The hot dogs were awesome. We had mini-buns and cheese with them. We were supposed to get three each, but we all started getting full. Jon, though, inhaled 4 1/2. Plus we had a bunch of snack crackers. We had a pie and fruit for later. After dinner, Matt called and then led us to a HOSTEL.
Our 1st hostel. We barely scraped together the $12 each we needed in lira. After waiting in line a while, we had a bed and hot showers only a two minute walk from the town center which was celebrating the 800th anniversary of St. Anthony. There was room for 16 in our room, but there were only five other guys there. While we waited for each other to clean up to go out on the town, we took turns talking to a fellow traveler we will call Nietsche. As we chatted, we ate our chocolate pie with strawberries. Matt and Jon went down stairs before 10 p.m. to get our sleeping bags.
(MATT) And guess what we found? I was looking in the trunk for the sleeping bags, so we could dry them out while we slept, but they weren't there. 1 was confused for a minute and then spied them in the back seat (where we never leave them.) At first, I didn't grasp the significance of this detail, but Jon (being from Detroit) grasped what had happened. "Somebody broke in," he said. "Why?" I responded because I knew we all we had was dirty laundry in the car. The back (small) driver's side window was shattered. Someone had opened the trunk from the back seat (an unfortunate design flaw of the Renault 19.) We opened it up and quickly realized that one of Sam's swords from Toledo was missing, but since there was nothing else of value in the trunk (except Sam's other sword) there was nothing else to take. We took the bags upstairs and told the boys (who were still talking to Neitsche.) Chris and Jon went to the police station to report the break-in while I talked to Nietsche and tried to write in the log.

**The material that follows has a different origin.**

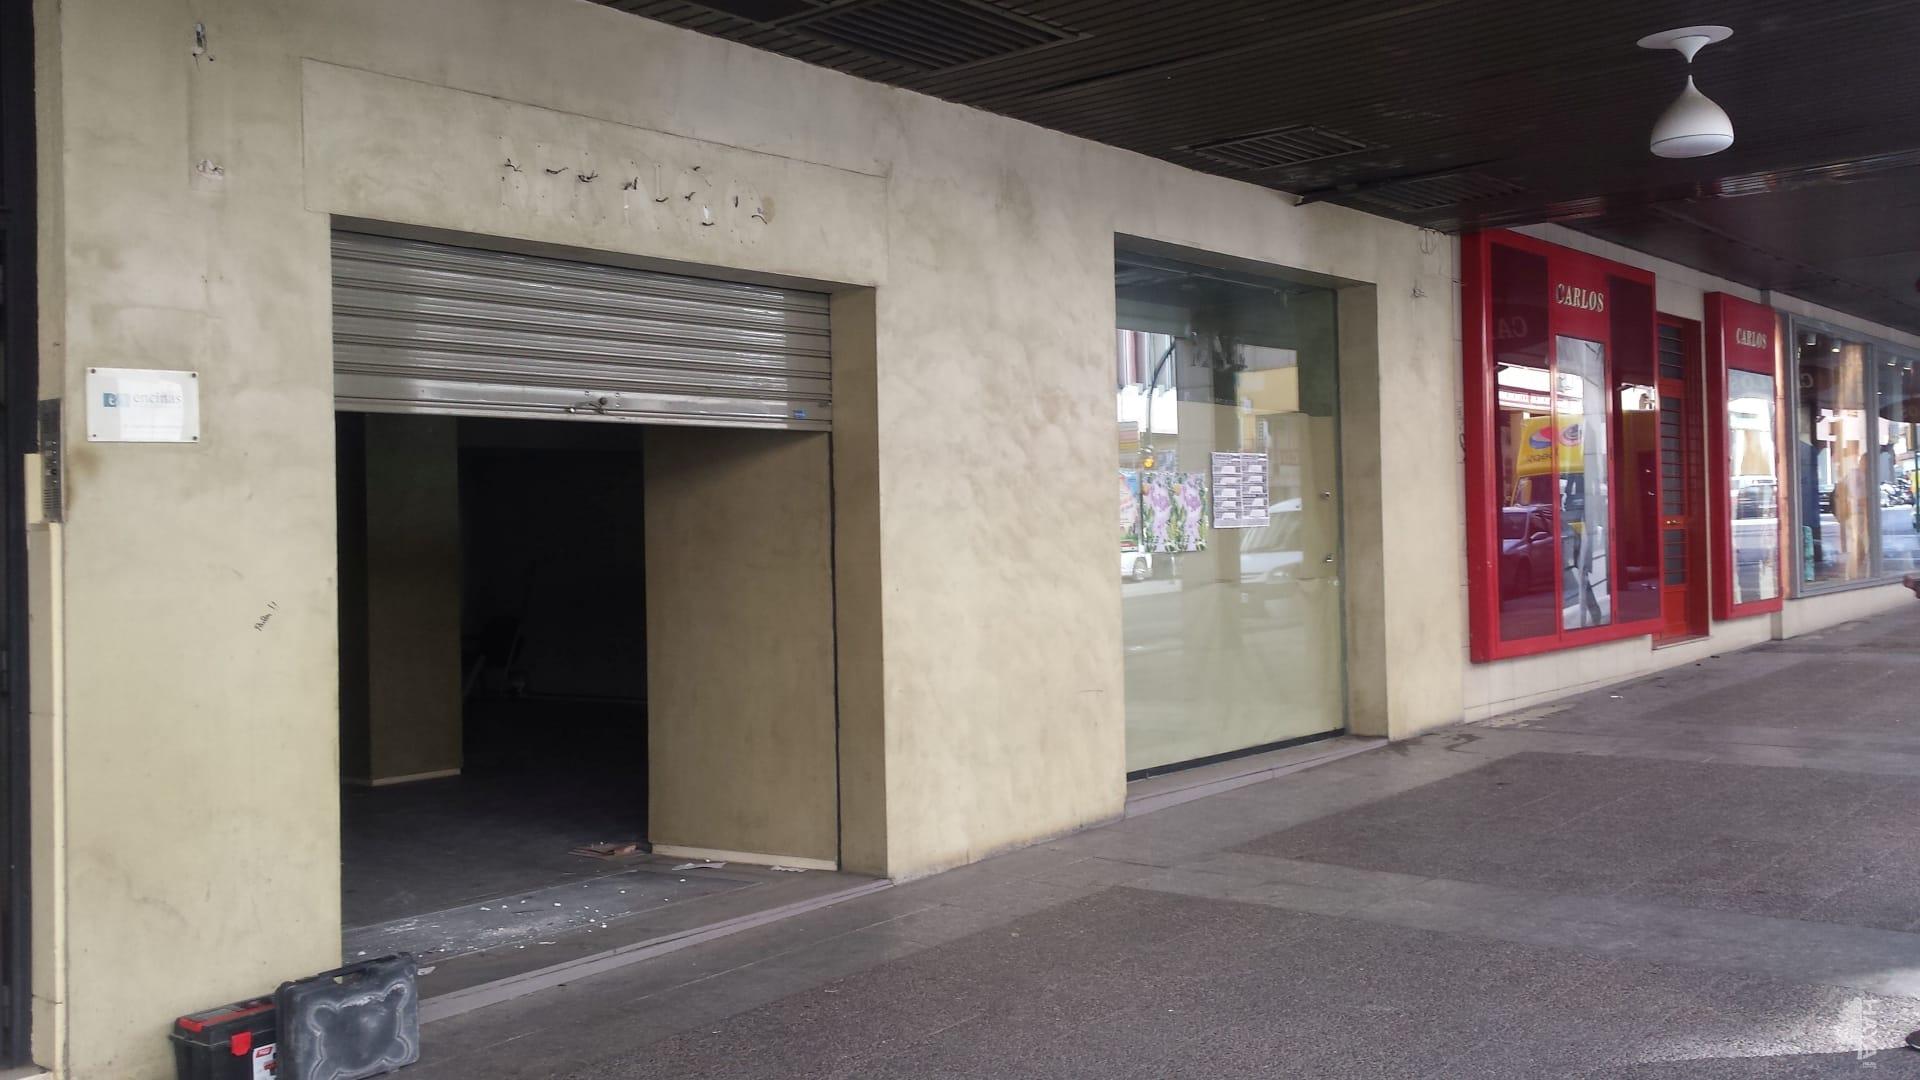 Local en venta en Badajoz, Badajoz, Calle Juan Carlos I, 1.070.600 €, 308 m2

(CHRIS) Even though the police station was supposed to be just around the block, all the streets were one-way and curvy and it was raining and there was tons of traffic and it was dark and the local soccer team had just won a playoff game in overtime and the soccer hooligans were driving about with flags and honking horns and acting like a bunch of drunken Italian idiots (which they were,) and we were new in town, and it was almost the 800th anniversary of St. Anthony, and we got lost. Jon was driving, gripping the wheel very tight, and repeating over and over again, "Bastards. Bastards." Pretty soon, Jon, who can drive crazy and honk horns with the best of them, joined in the speeding and noise, and we had a good laugh.
After 30 minutes, we got to the police station, and were able to rise above the language barrier just barely long enough to fill out a form with a friendly officer. We reached the hostel just a minute before the 11 p.m. lock-out. Jon thought the culprits were other hostelers, but I think they were soccer hooligans.
(MATT) After they returned, Sam and Neitsche talked over my bed for about an hour and then took their mutual interest into the living room when the lights were turned off. In Sam's defense, they had begun talking about religion and Neitsche turned out to be an atheist Jew (another Theo Kaufman) and Sam did his best to enlighten him and impress him with his conviction.